- _EXERCISE DIRECTIONS_
Return the material below exactly, but only from the line with "Raminagrobis - originale, kolorierte" through the line with "Sehr schönes altes", and without its pictures.

- _RECORDS FOR THE EXERCISE_
>>>>>

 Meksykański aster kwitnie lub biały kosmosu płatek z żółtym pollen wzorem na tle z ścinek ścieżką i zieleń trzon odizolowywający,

<<<<<
>>>>>

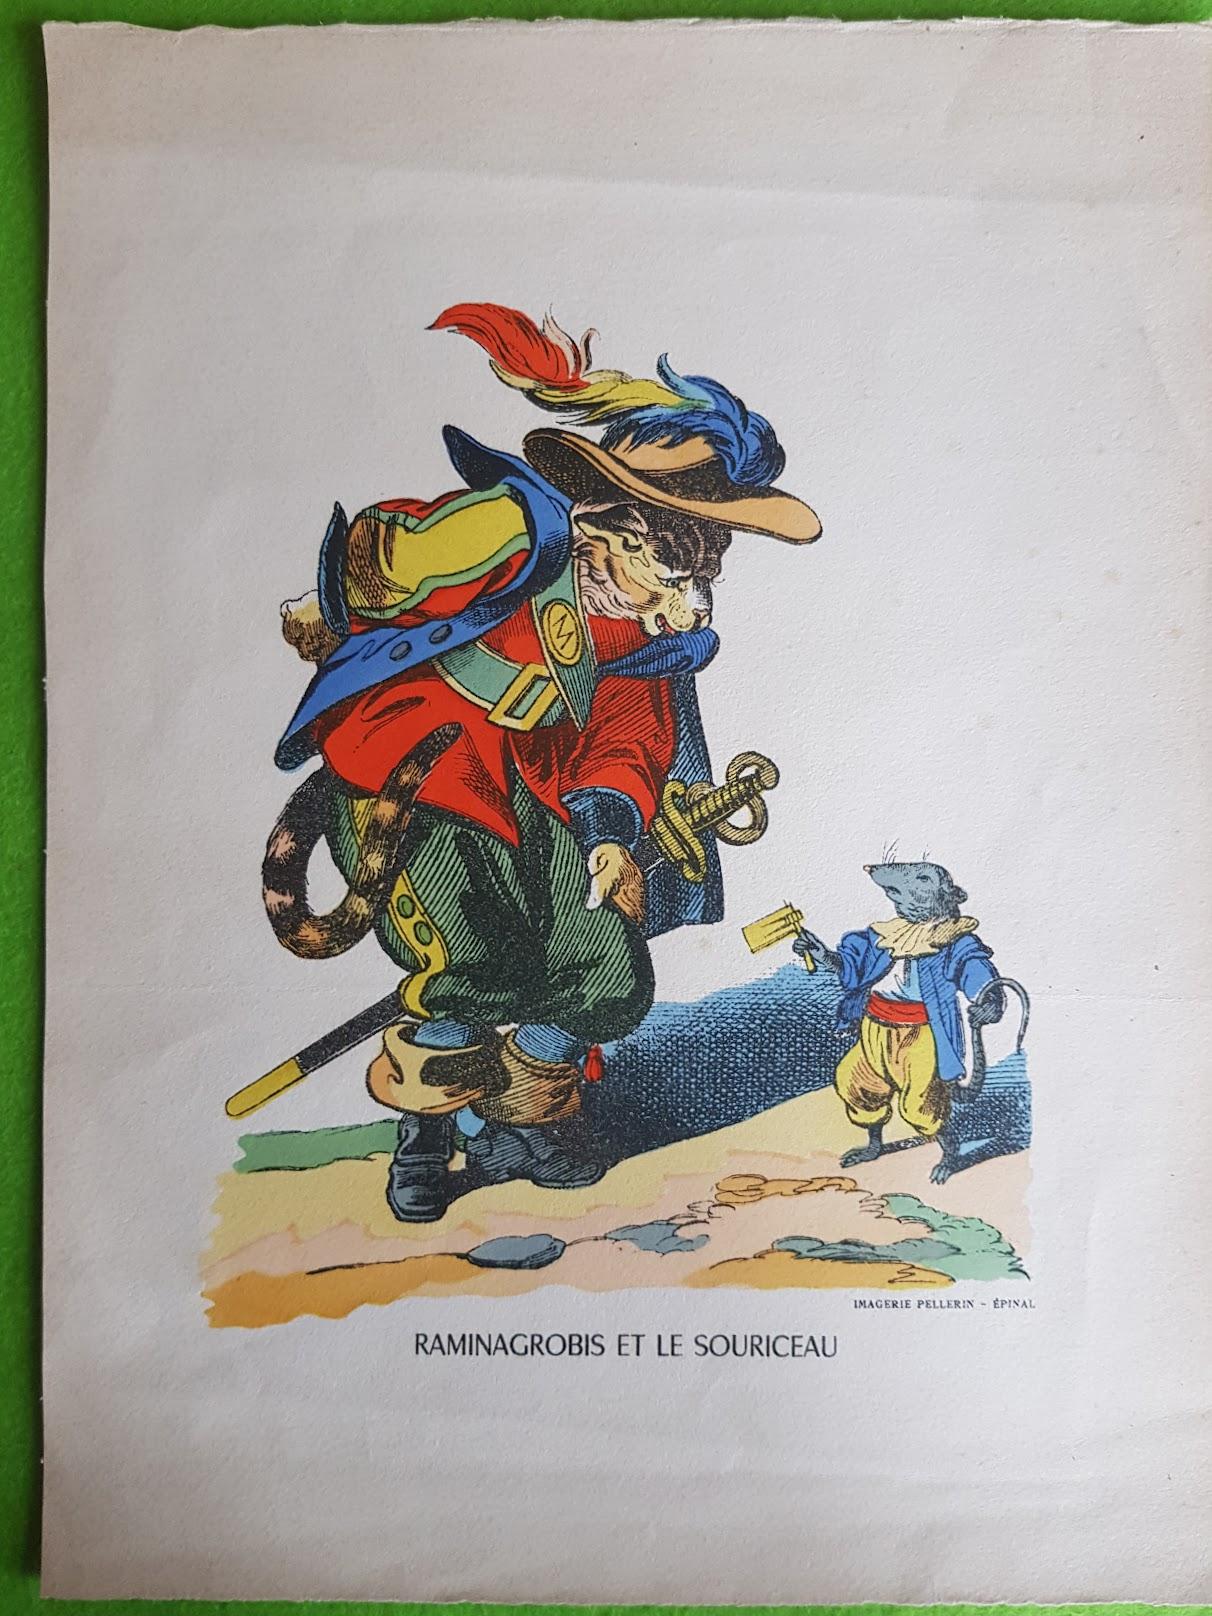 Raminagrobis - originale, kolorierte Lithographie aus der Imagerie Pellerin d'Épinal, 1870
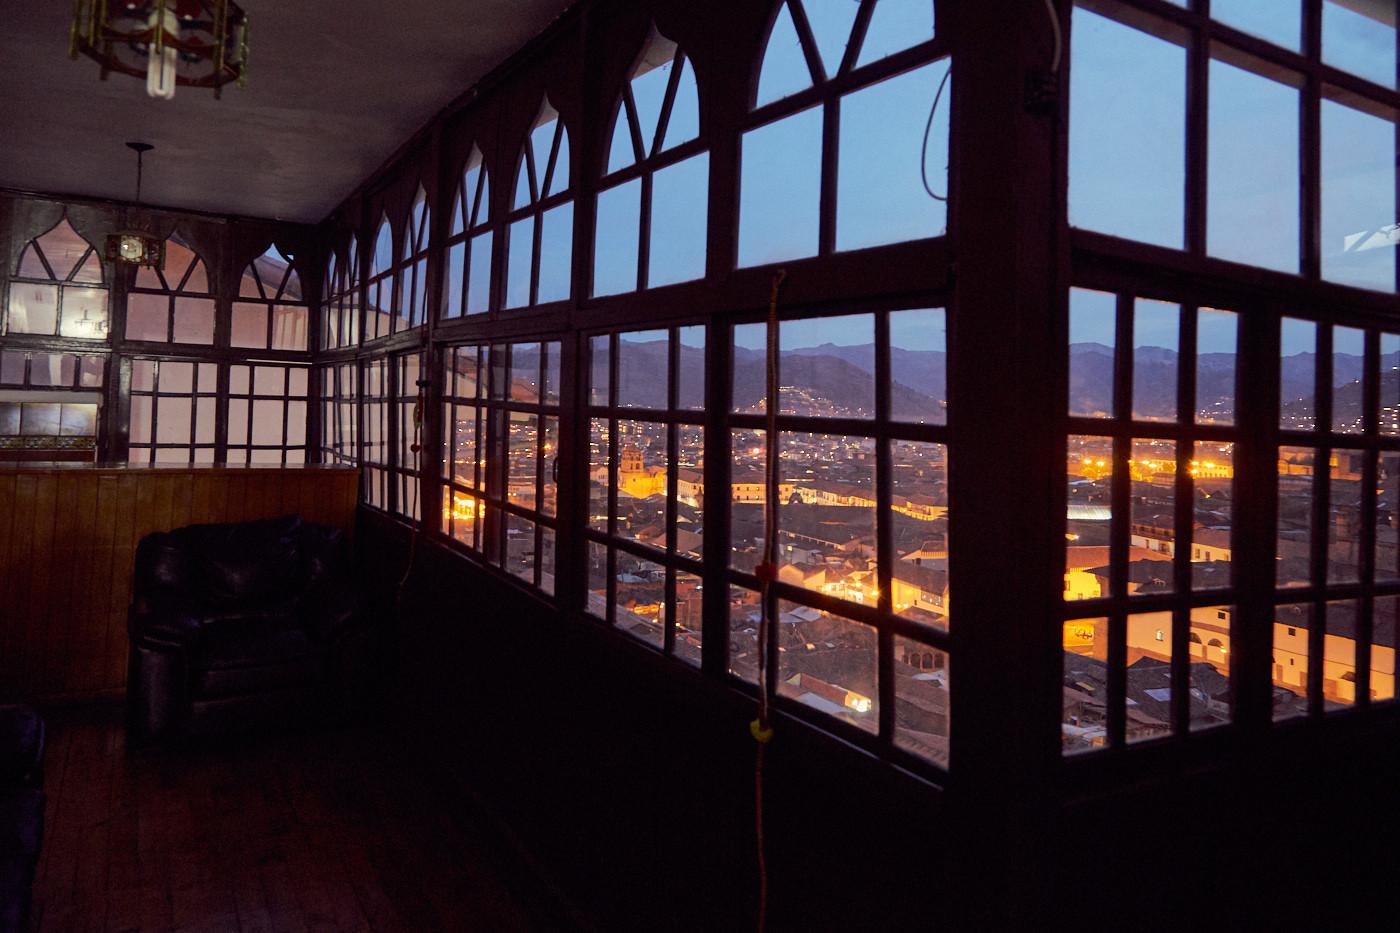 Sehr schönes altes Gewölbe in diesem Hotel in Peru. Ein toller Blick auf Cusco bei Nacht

<<<<<

- _RESPONSE TO THE EXERCISE_
 Raminagrobis - originale, kolorierte Lithographie aus der Imagerie Pellerin d'Épinal, 1870
 Sehr schönes altes Gewölbe in diesem Hotel in Peru. Ein toller Blick auf Cusco bei Nacht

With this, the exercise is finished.